Subsituting impure version specifiers in node2nix generated package compositions

In a number of previous blog posts, I have described node2nix, a tool that can be used to automatically integrate NPM packages into the Nix packages ecosystem. The biggest challenge in making this integration possible is the fact that NPM does dependency management in addition to build management -- NPM's dependency management properties conflict with Nix's purity principles.

Dealing with a conflicting dependency manager is quite simple from a conceptual perspective -- you must substitute it by a custom implementation that uses Nix to obtain all required dependencies. The remaining responsibilities (such as build management) are left untouched and still have to be carried out by the guest package manager.

Although conceptually simple, implementing such a substitution approach is much more difficult than expected. For example, in my previous blog posts I have described the following techniques:

  • Extracting dependencies. In addition to the package we intend to deploy with Nix, we must also include all its dependencies and transitive dependencies in the generation process.
  • Computing output hashes. In order to make package deployments deterministic, Nix requires that the output hashes of downloads are known in advance. As a result, we must examine all dependencies and compute their corresponding SHA256 output hashes. Some NPM projects have thousands of transitive dependencies that need to be analyzed.
  • Snapshotting versions. Nix uses SHA256 hash codes (derived from all inputs to build a package) to address specific variants or versions of packages whereas version specifiers in NPM package.json configurations are nominal -- they permit version ranges and references to external artifacts (such as Git repositories and external URLs).

    For example, a version range of >= 1.0.3 might resolve to version 1.0.3 today and to version 1.0.4 tomorrow. Translating a version range to a Nix package with a hash code identifier breaks the ability for Nix to guarantee that a package with a specific hash code yields a (nearly) bit identical build.

    To ensure reproducibility, we must snapshot the resolved version of these nominal dependency version specifiers (such as a version range) at generation time and generate the corresponding Nix expression for the resulting snapshot.
  • Simulating shared and private dependencies. In NPM projects, dependencies of a package are stored in the node_modules/ sub folder of the package. Each dependency can have private dependencies by putting them in their corresponding node_modules/ sub folder.

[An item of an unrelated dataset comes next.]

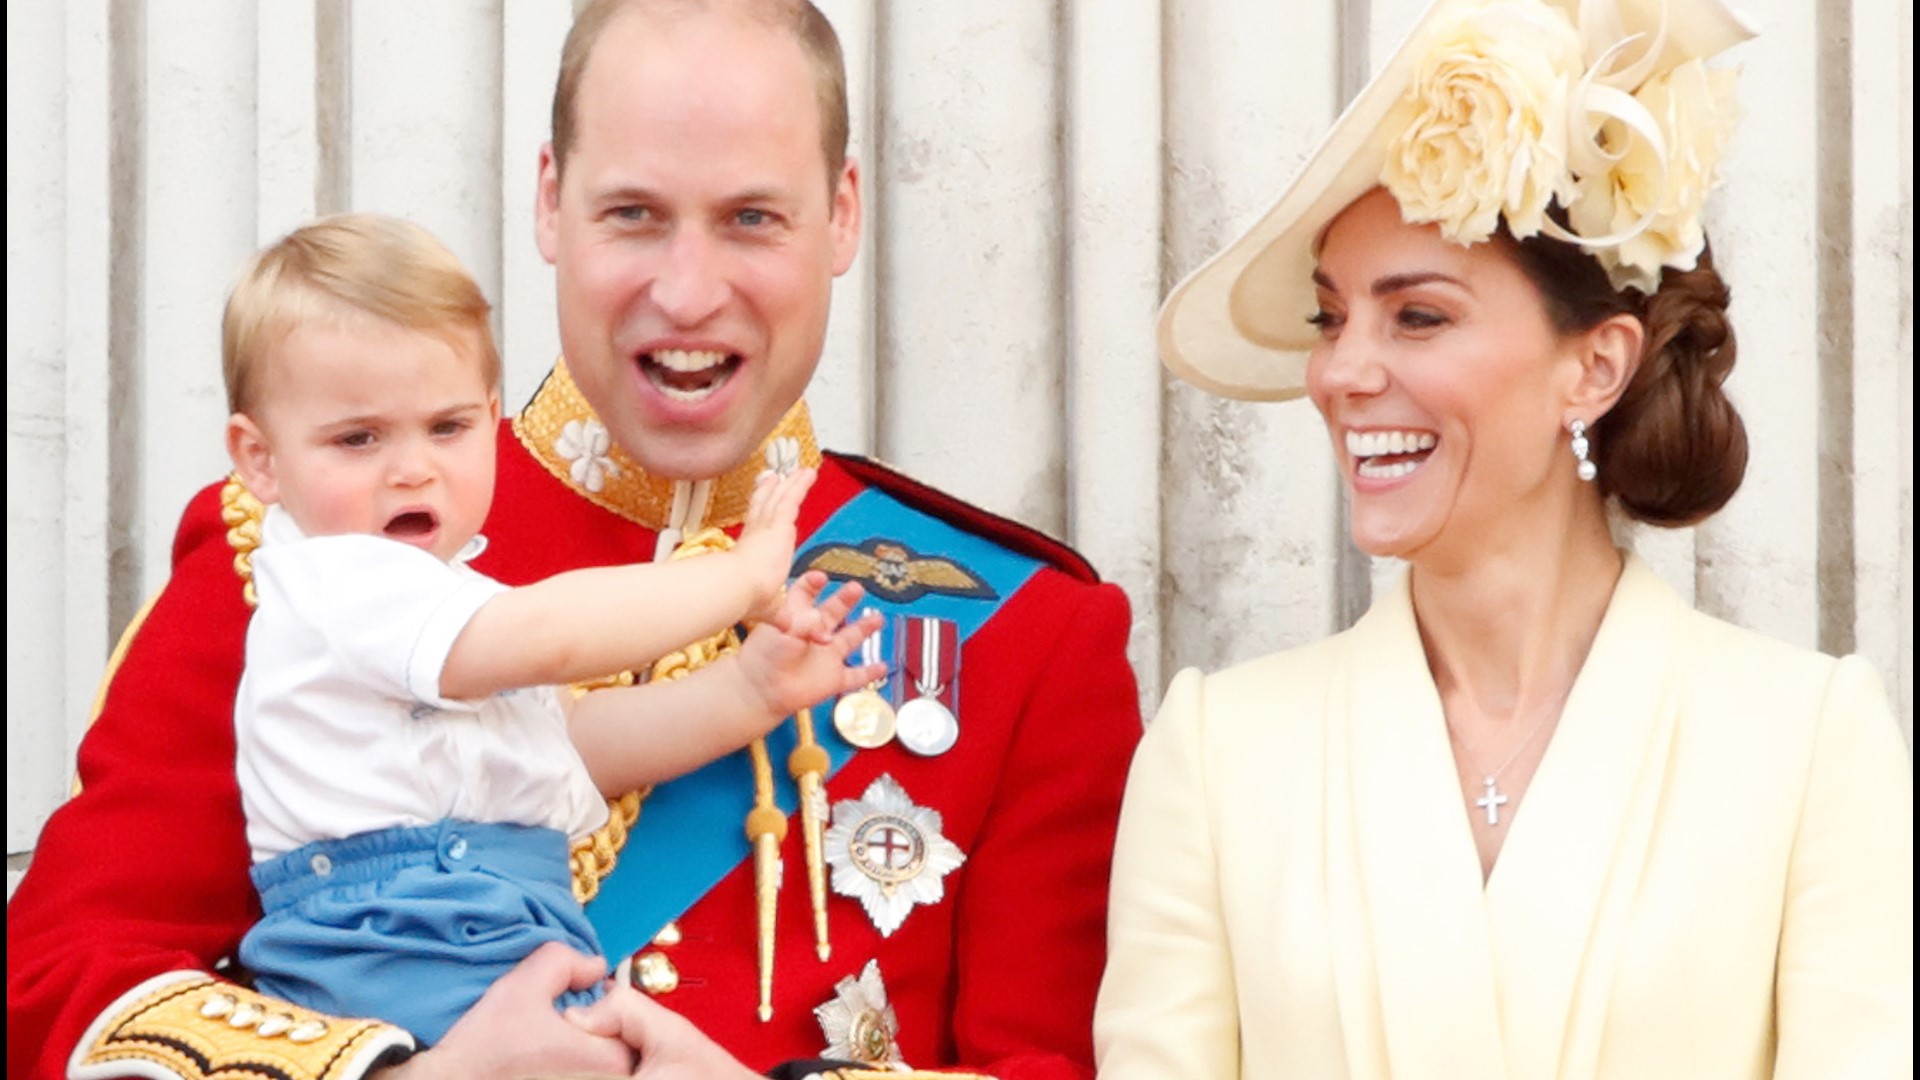 What's predicted for the royal couple over their next decade? Buzz60's Chloe Hurst has the story!

Sharing dependencies is also possible by placing the corresponding dependency in any of the parent node_modules/ sub folders.

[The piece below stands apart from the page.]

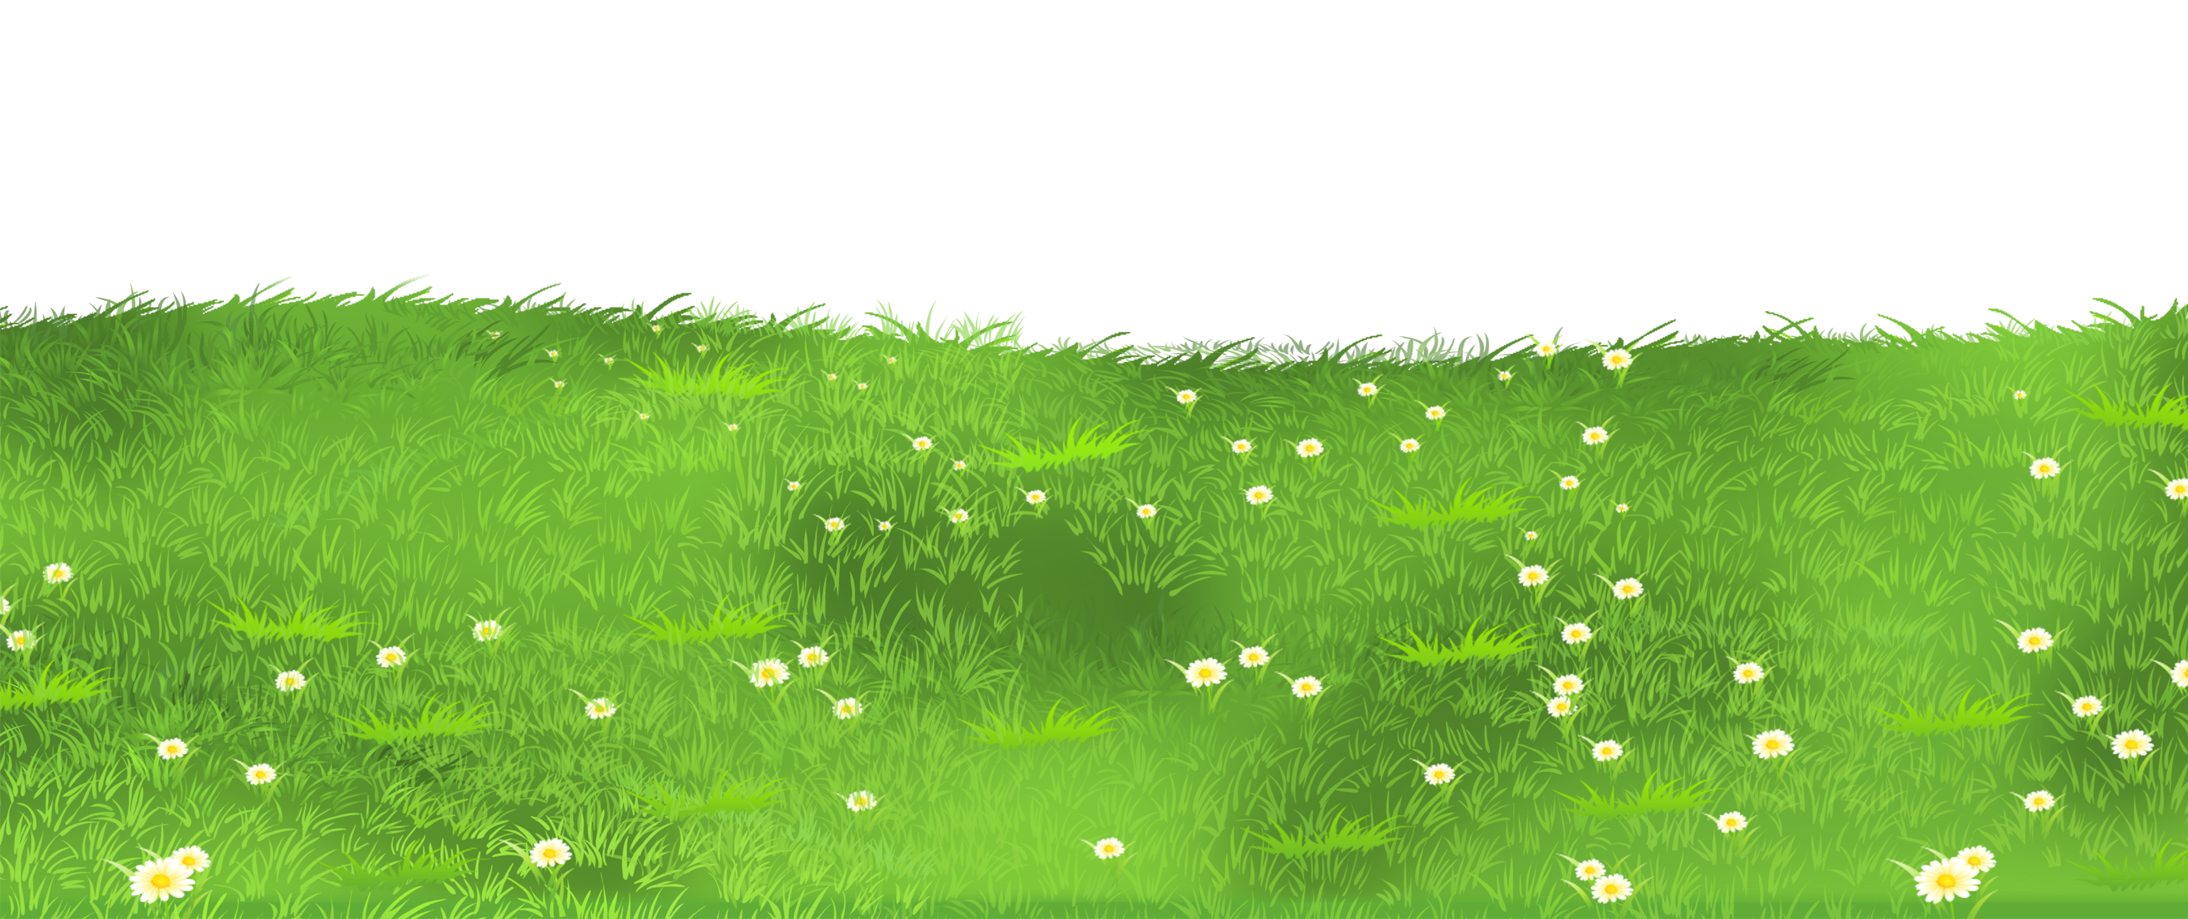 Free Grass Image Download Png Clipart

    Moreover, although this is not explicitly advertised as such, NPM implicitly supports cyclic dependencies and is able cope with them because it will refuse to install a dependency in a node_modules/ sub folder if any parent folder already provides it.

    When generating Nix expressions, we must replicate the exact same behaviour when it comes to private and shared dependencies. This is particularly important to cope with cyclic dependencies -- the Nix package manager does not allow them and we have to break any potential cycles at generation time.
  • Simulating "flat module" installations. In NPM versions older than 3.0, every dependency was installed privately by default unless a shared dependency exists that fits within the required version range.

    In newer NPM versions, this strategy has been reversed -- every dependency will be shared as much as possible until a conflict has been encountered. This means that we have to move dependencies as high up in the node_modules/ folder hierarchy as possible which is an imperative operation -- in Nix this is a problem, because packages are cannot be changed after they have been built.

    To cope with flattening, we must compute the implications of flattening the dependency structure in advance at generation time.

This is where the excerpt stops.